As the names suggest, BBWC is simply some memory and a rechargeable battery, usually in one or more proprietary FRU modules. In hi-end storage systems, the battery modules are hot-swappable, in mid-end systems a controller has to be shut down for battery replacement. RAID HBAs require host down time for battery maintenance unless you have hot-swap slots and multiple HBAs serving multiple paths.

FBWC is the relatively new generation of volatile cache where the battery assembly is replaced with NAND flash storage – not unlike today’s SSDs – and a replaceable capacitor bank that holds enough charge to allow data write-out from DRAM to flash in case of power failure.

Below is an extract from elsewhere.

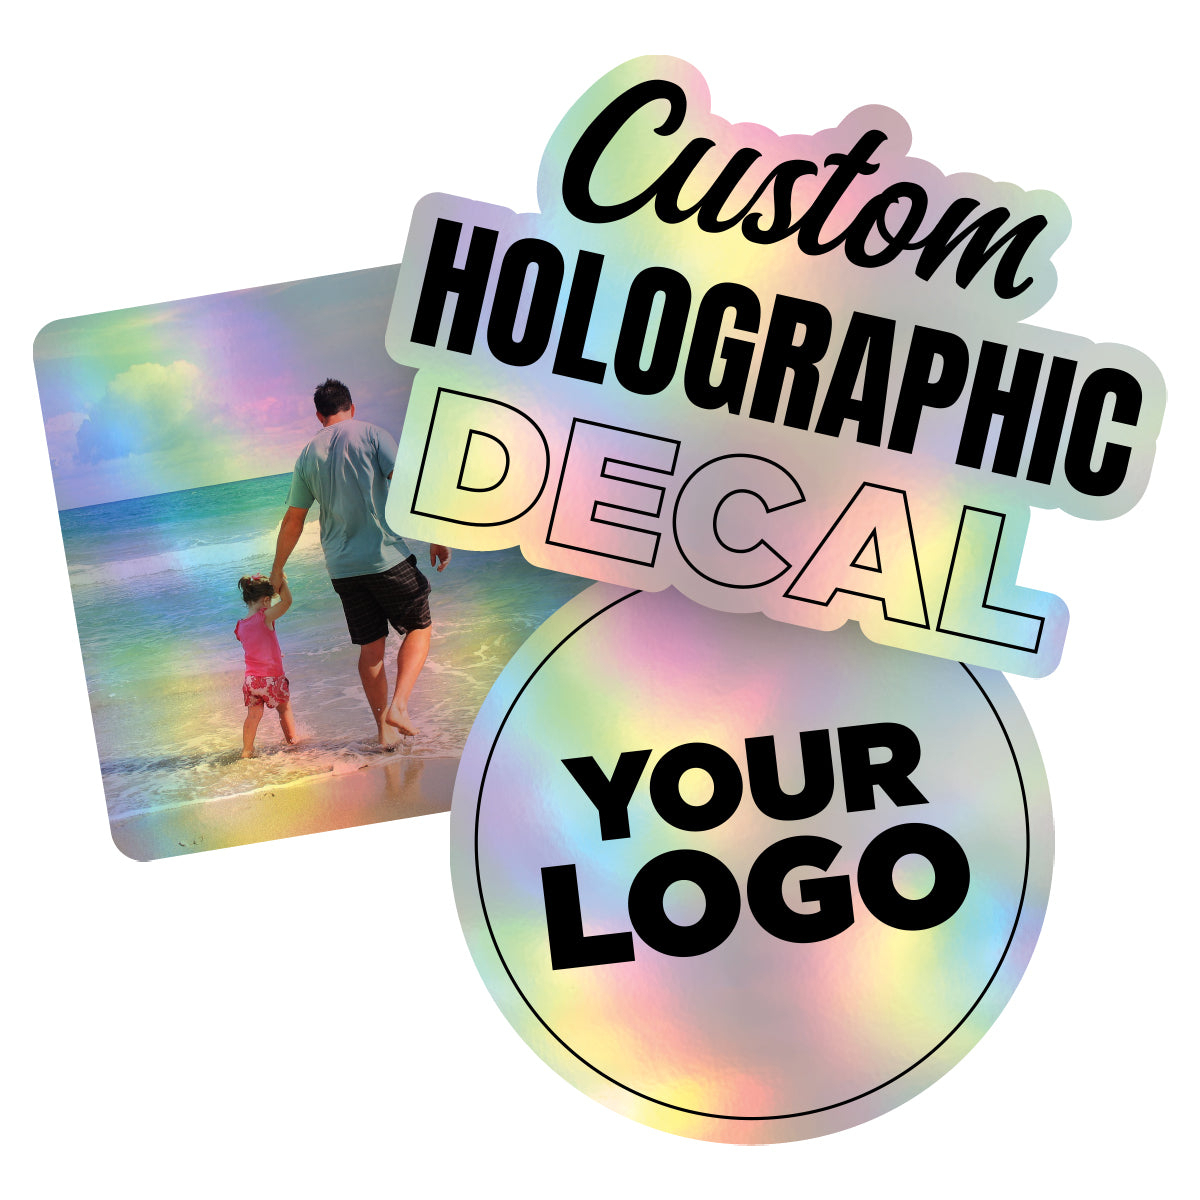 Personalized Holographic Vinyl Sticker Decal Custom Made Any Logo, Image, Text, Or Name Die Cut To Shape - 25 Pack, 4 Inch, Die Cut
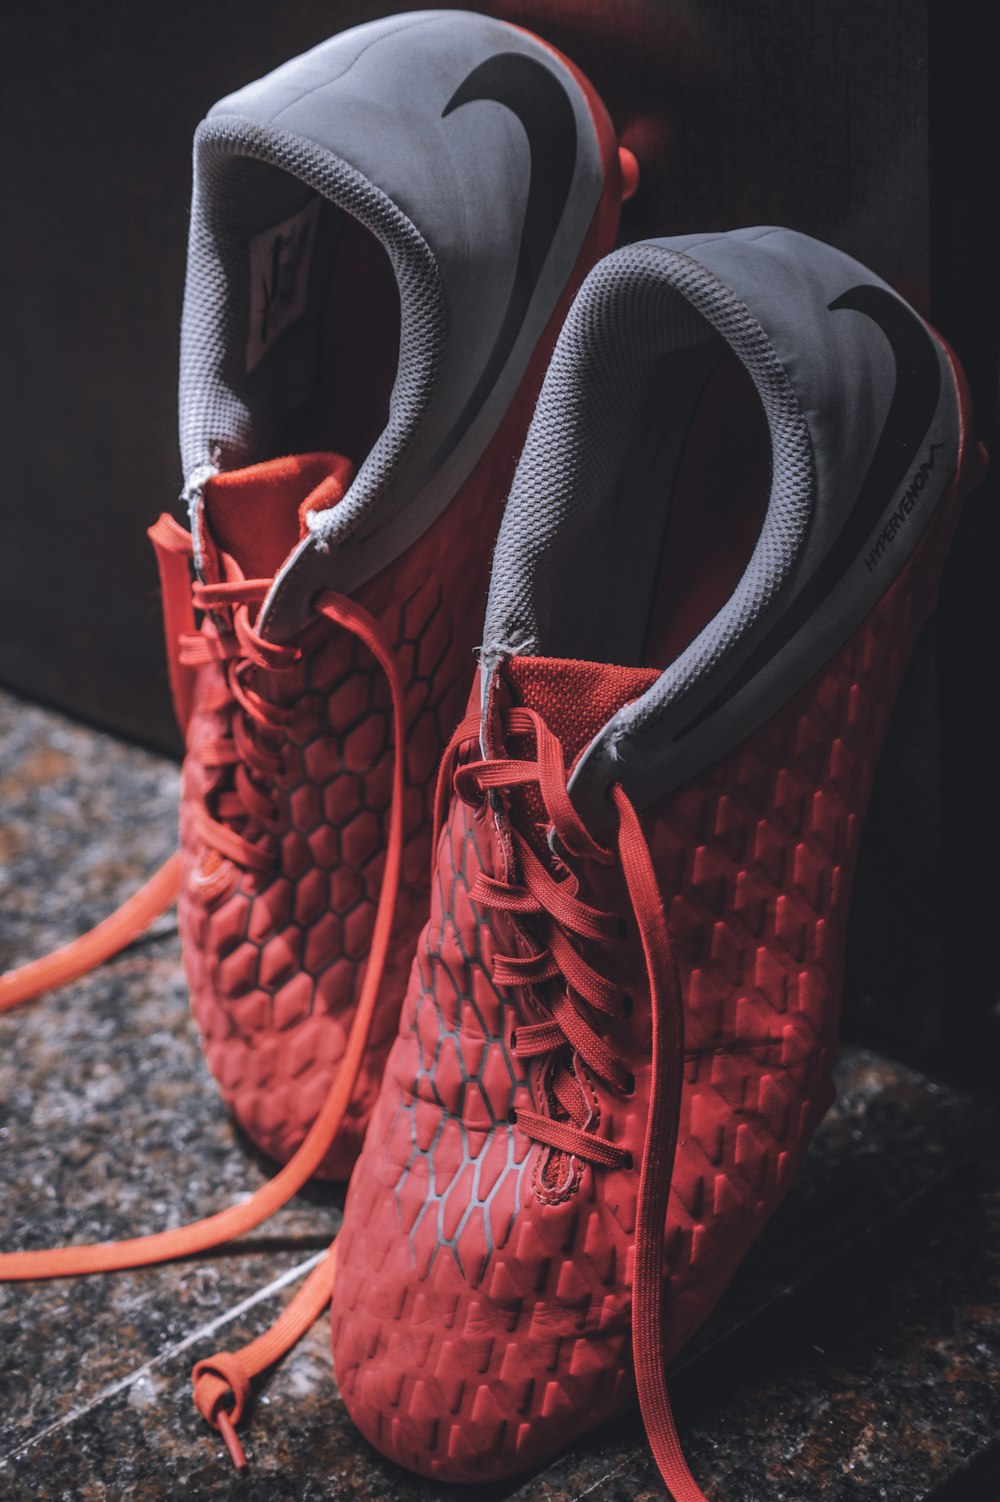 pair of grey and red shoes close-up photography

Both types of cache have their drawbacks: BBWC needs constant battery monitoring and re-learning. Re-learning is a recurring process: the controller fully cycles (discharges and recharges) the battery to learn its absolute capacity – which obviously deteriorates with time and usage (cycles). While re-learning, write cache must be disabled (since at some point in the process the battery will be almost completely discharged and unable to power the BBWC memory). This is a periodic severe performance penalty for write-heavy workloads, unless there’s a redundant battery and/or controller to take over. Good controllers allow the administrator to customize re-learn schedules. The batteries must be replaced every few months or years.

Flash-based write cache is also subject to deterioration: the dreaded maximum write count for flash memory cells (however, flash is used only on power failure). The backup capacitors degrade over time. The NAND modules and the capacitor bank must be monitored and replaced if necessary.

Write cache on physical media (disk drives) is almost always volatile. Most enterprise SSDs and some consumer SSDs (e.g. the Intel 320 series, but not the extremely popular X25-M series) have backup capacitors.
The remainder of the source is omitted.